During his World Youth Day trip in 1989, Blessed John Paul II said:

It is more and more necessary that, even in the most remote parts of the world, there be witnesses, young witnesses of the Gospel, who without fear or dread of difficult situations or circumstances, are able to live out the demands of the faith…

World Youth Day responds to this necessity, nourishing young people, filling them with hope, and then sending them out into the world. Let us continue to pray for those planning the event in Rio and for all of those preparing to attend, including Pope Francis himself. 

Monday, May 13, 2013

Totus Tuus Ego Sum



Totus Tuus Ego Sum—I am totally yours.

Blessed John Paul II chose this as the motto for his pontificate, consecrating his years of service to the Virgin Mary, the Mother of Jesus and Mediatrix of Grace. Today these words hold special significance, because it was this complete devotion that protected our beloved Holy Father exactly 32 years ago, during an attempt on his life.

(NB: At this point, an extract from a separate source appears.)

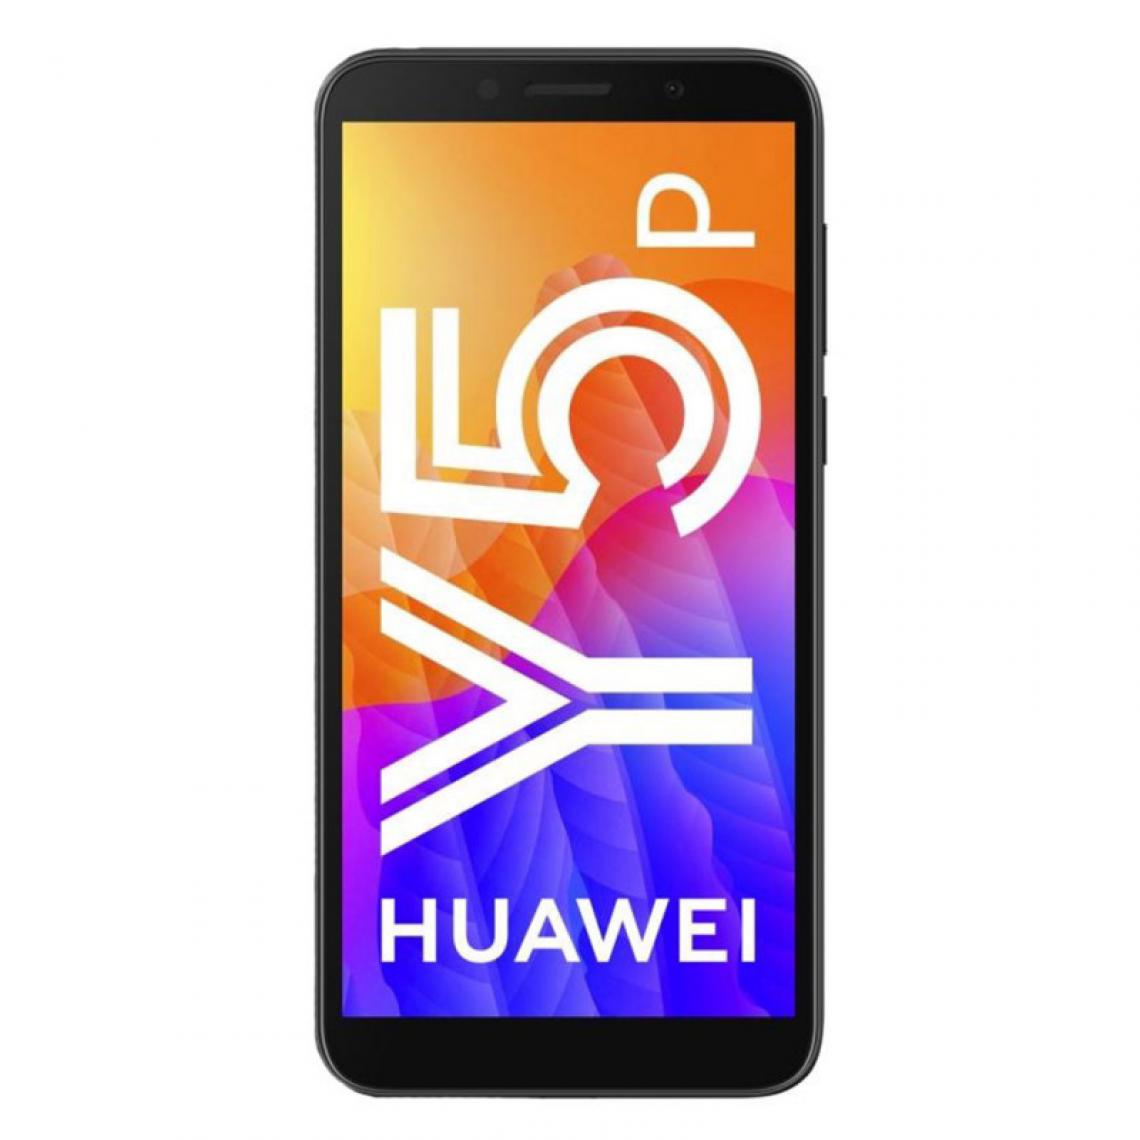 Huawei - Huawei Y5P - Double Sim - 32Go, 2Go RAM - Noir - Smartphone Android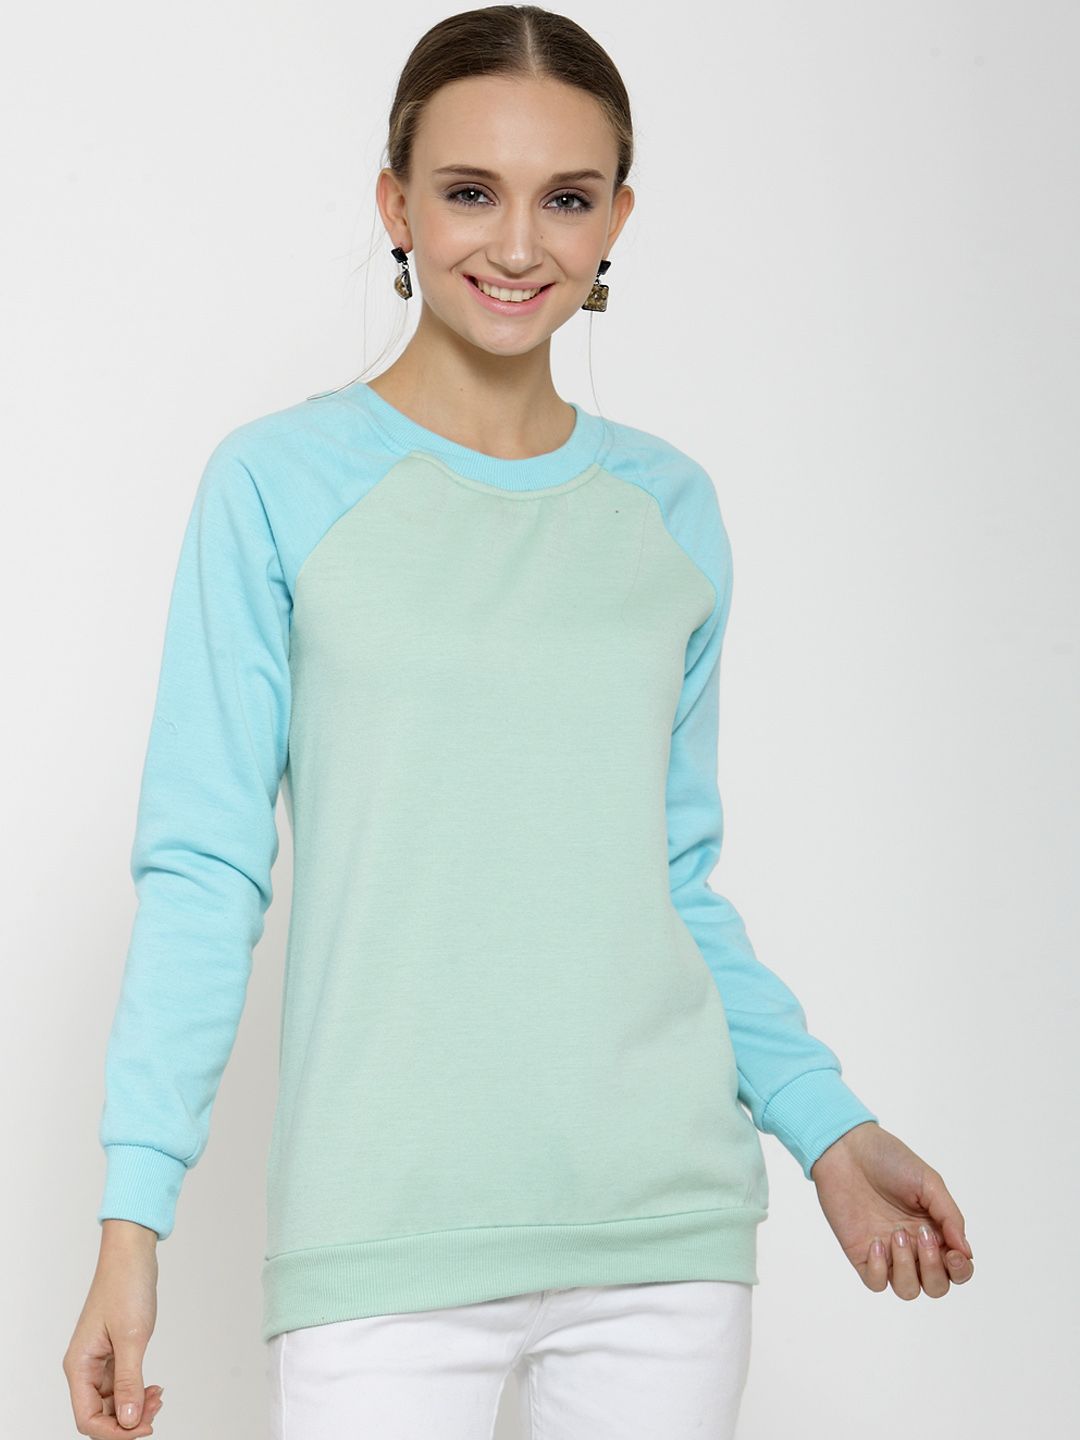 Belle Fille Women Sea Green & Turquoise Blue Colourblocked Sweatshirt Price in India

For more about the assassination attempt and its connection to today’s feast of Our Lady of Fatima, check out the Blessed John Paul II Shrine website

Jesus Is Not A Dry Cleaner



Last week, Pope Francis delivered an engagingly potent homily about the Sacrament of Reconciliation. He said:

Jesus in the confessional is not a dry cleaner, it is an encounter with Jesus but with this Jesus who waits for us just as we areMany times we think that going to confession is like going to the dry cleaner to clean the dirt from our clothes.

We are tempted to feel this way about reconciliation, but in actuality, Jesus gives us so much more. He “donates to us the peace that only he gives.”

For more of Pope Francis’ homily about the graced experience of Reconciliation, go here

Sunday, May 12, 2013

The Lifting Up




The "lifting up," that is, the ascension into heaven, signified the sharing of Christ as man in the power and authority of God himself. This sharing in the power and authority of the Triune God is manifested in the sending of the Counselor, the Spirit of truth who, "taking" (Jn 16:14) from the redemption affected by Christ, brings about the conversion of human hearts.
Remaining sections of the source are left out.